Many avant-garde practices fictionalize just as Foucault proposes. And he himself often composes his texts using these practices. In his writings on antiquity, he discusses the collection of commonplaces as a method of subjectification, and in his essay “The Lives of Infamous Men,” he describes his project of publishing a book of quotations from archival documents written between 1660 and 1760. This project was never realized, but Foucault did publish three edited books, in which he does little more than quote documentary materials.(5) These quotational books return to the moments of conflict in which modern medical, legal, psychological, and criminological power formed, and they point to the contingency of those conflicts’ results, which have determined our understanding of the subject.


Foucault’s use of quotations complement his text “What is an Author?” in which he argues that the conventional notion of authorship–the creativity, originality, and liberty often ascribed to it–is a restricted and restricting multiplicity. It “impedes the free circulation, the free manipulation, the free composition, decomposition, and recomposition of fiction.” The identification of the author as a figure isolates and limits it. Although it would be “pure romanticism to imagine a culture in which the fictive would operate in an absolutely free state,” it is possible to imagine a society in which there would be no author function but, instead, another “system of constraint.”(6)

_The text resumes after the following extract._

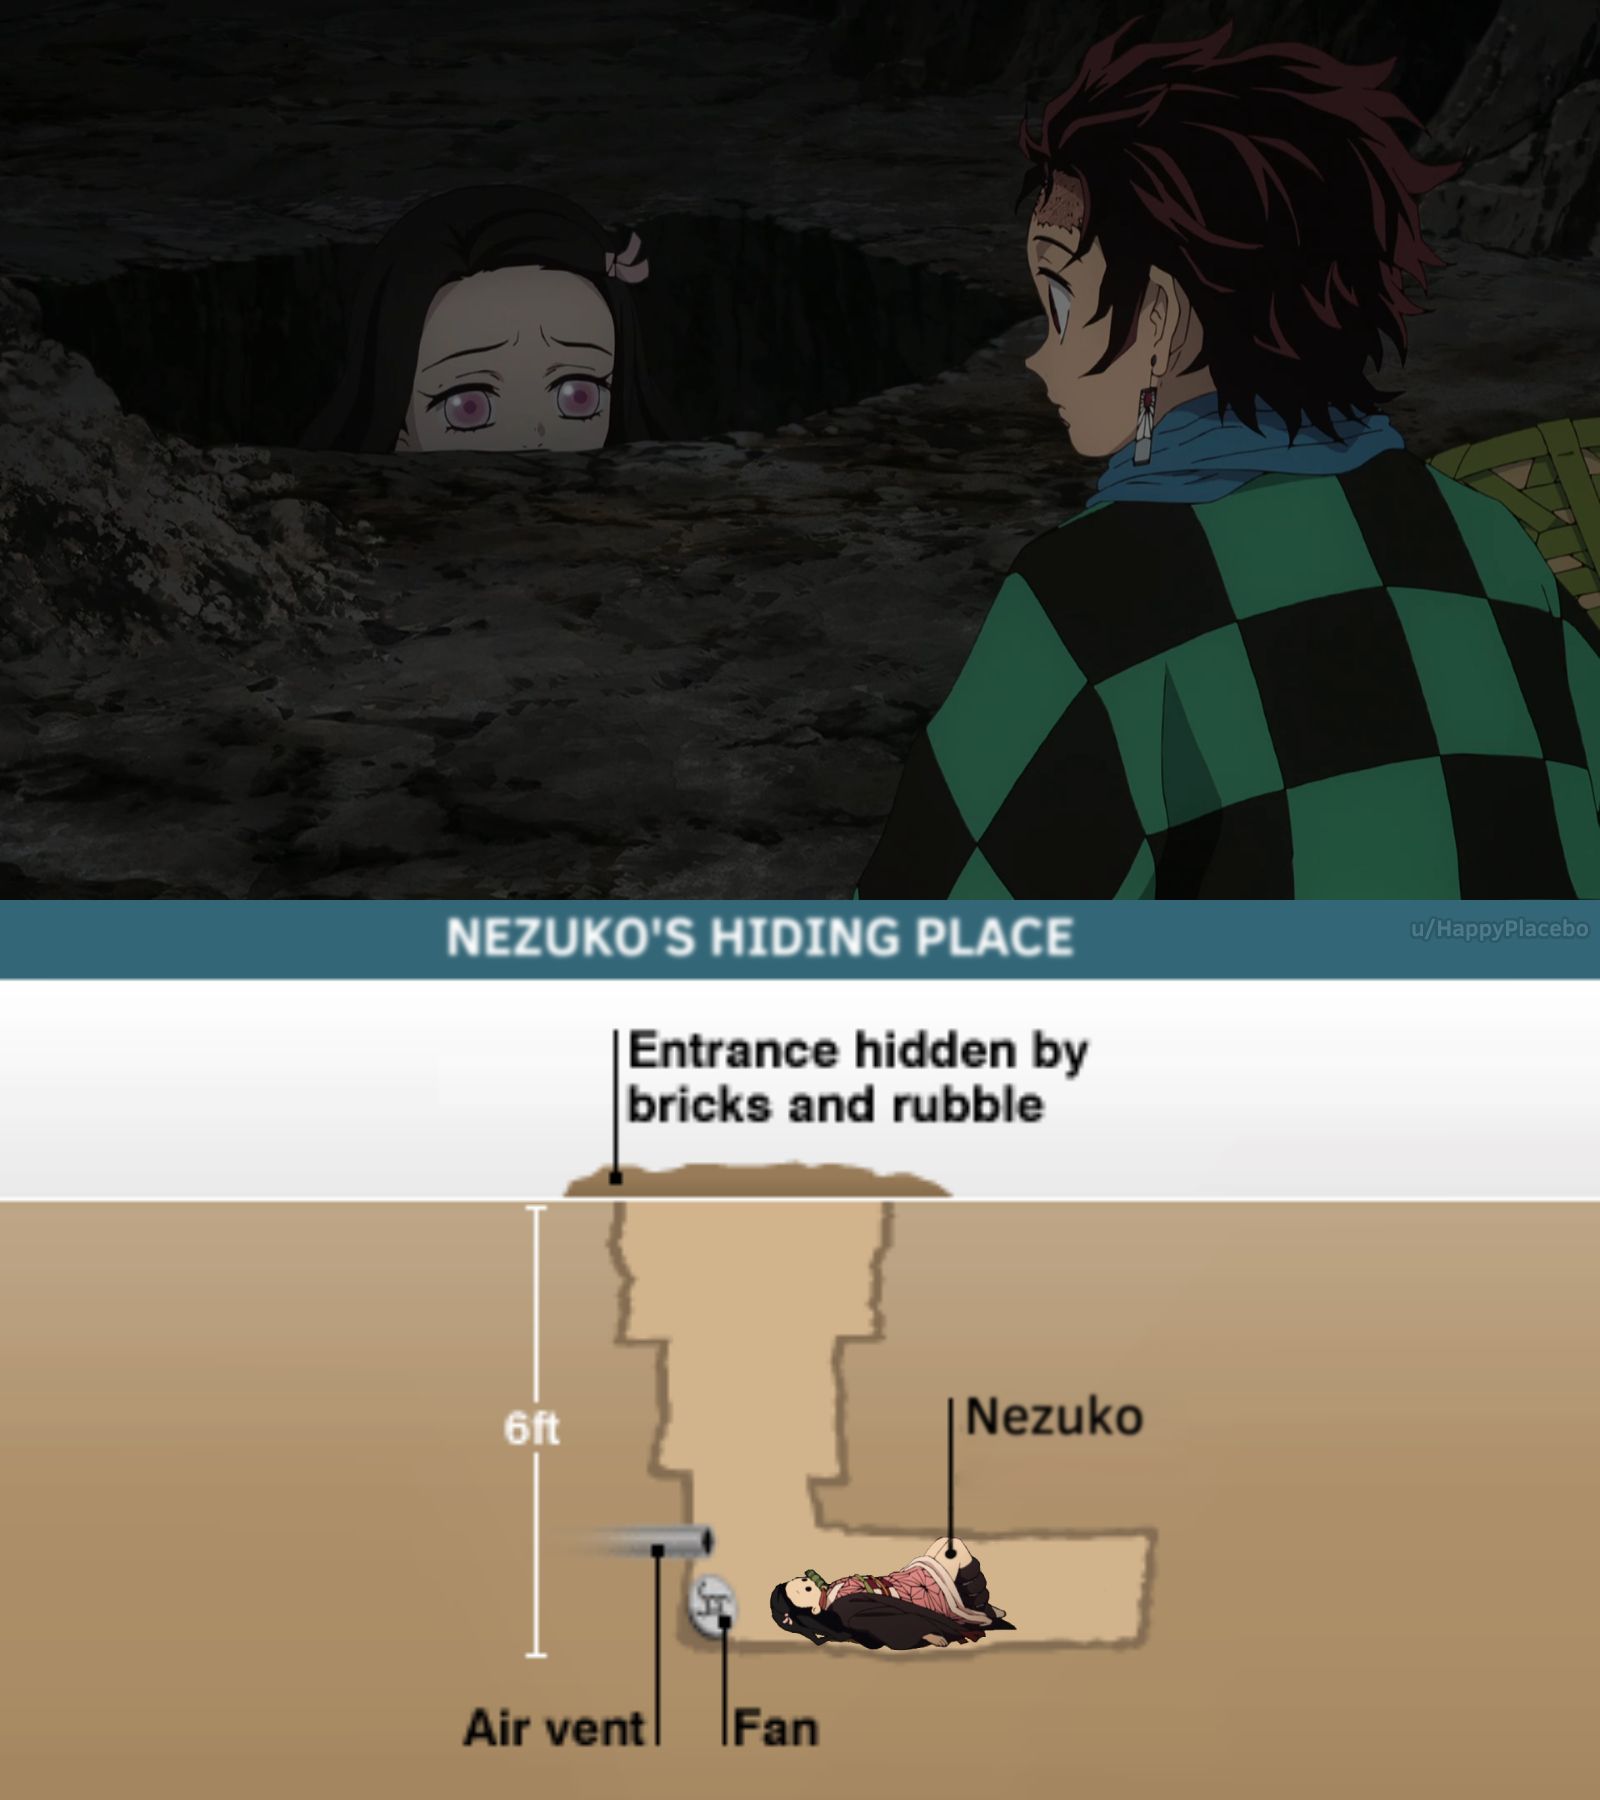 So this is what Nezuko's first hiding place looks like.

Appropriation, as practiced by Place, Prince, Foucault, and many artists and conceptual poets, may be just such a system of constraint, one that is analogous to governmentality’s minimalist interventions. But it’s merely analogous and not identical to it, because governmentality produces identities based on subjects’ hidden truths, while appropriating artists and writers manage texts and images with the aim of liberating themselves from the histories and identities that originate there. The will not to be governed would allow images and texts to speak truth, but not truth considered as adequation. For Foucault, the truth of quotational texts would not be a fact, message, or unalienated human essence but a moment when non-identity can be created.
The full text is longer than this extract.